Nesse espírito, o Exército é, para os membros do Capitanismo, uma organização que lhes permite uma “situação”, e por isso o passado não conta, nem o presente; apenas conta o futuro que querem construir. Aliás, é preciso assinalar que o passado não apenas não conta como eles, os membros do movimento, nada querem ter com ele. Isso apesar de que, quando ingressaram na carreira militar tinham (ou deveriam ter) consciência do que se dizia nos meios intelectuais à esquerda e liberais de uma maneira geral sobre o que tinha acontecido depois de 1964. O que indica que permanecem na carreira, chegando ao posto de Capitão, fazendo por desconhecer o passado da instituição a que pertencem por livre escolha. O que significa que o Exército nada significa para eles como vocação e missão.
O Capitão Luís Fernando afirma nada querer dizer sobre a “ditadura militar”, mas usa a expressão, seguramente sabendo que, ao usá-la, toma partido na grande crise em que se debatem as Forças Armadas. Por que digo isto? Porque há tempos, Oficial General na Reserva, amigo meu, falou-me de sua surpresa ao ouvir de jovens Oficiais da Marinha que eles faziam questão de desvincular-se de 1964.
Essa observação, já antiga, liga-se à “ditadura militar” do Capitão Luís Fernando e uma e outra apenas traduzem aquilo que escrevi, para espanto de muitos, por ocasião do infausto episódio que envolveu um Tenente do Exército no Rio de Janeiro: que o Exército está − e agora digo as Forças Armadas estão — vivendo um processo de anomia.
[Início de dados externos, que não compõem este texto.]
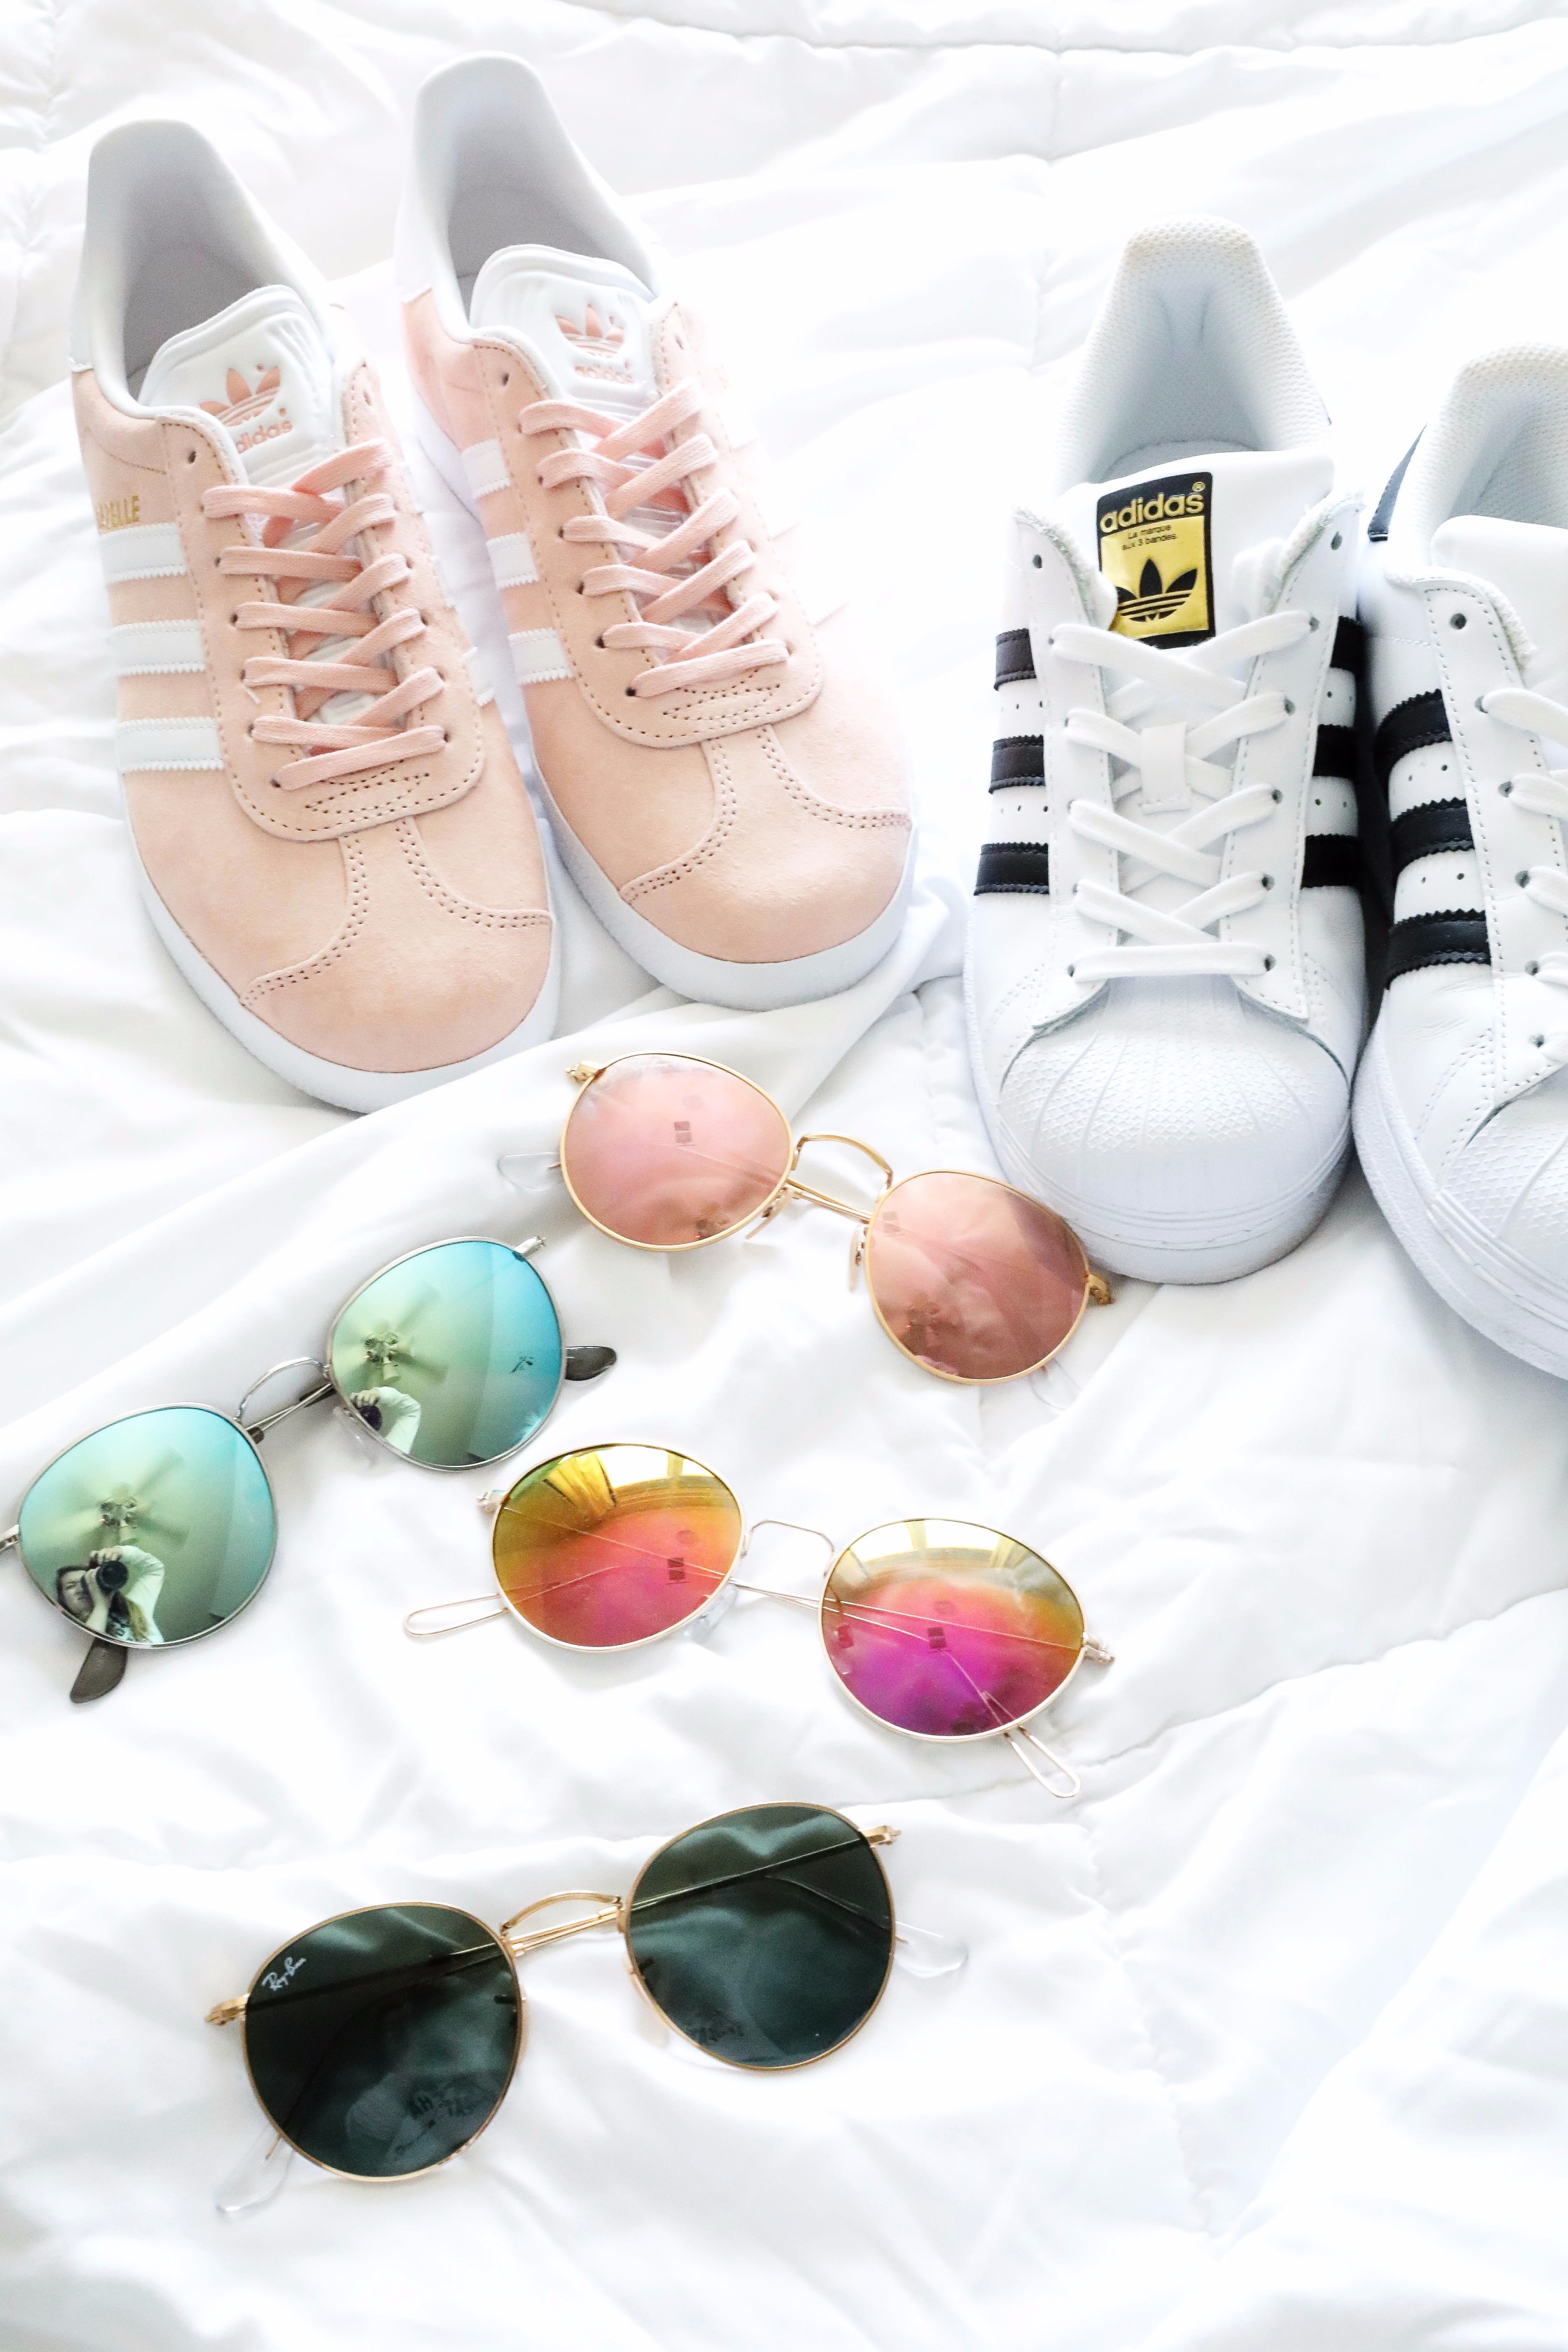 Sunglasses pink Adidas sneakers and my puppy June favorites by fashion and lifestyle blogger lauren lindmark on daily dose of charm

Uma das características da anomia é que a idéia que une os membros de uma dada organização já não é a mesma para todos os seus membros. Outra, é que alguns membros do grupo rejeitam as normas que regulam o comportamento dos que ao grupo pertencem. Insisto em “rejeitam”, porque não se trata de discordar, acatando as normas.
Rejeitam-nas porque vêem nelas um elemento impeditivo da afirmação de sua individualidade, que julgam estar sendo negada pela organização. No momento em que essa consciência de rejeição se forma, os indivíduos que vivem esse processo de afastamento das normas gerais do grupo irão buscar fora dele, preferencialmente em outra organização ou na sociedade, normas outras que lhe permitam justificar a rejeição e que lhes permitam ou continuar pertencendo ao grupo ou dele se afastar.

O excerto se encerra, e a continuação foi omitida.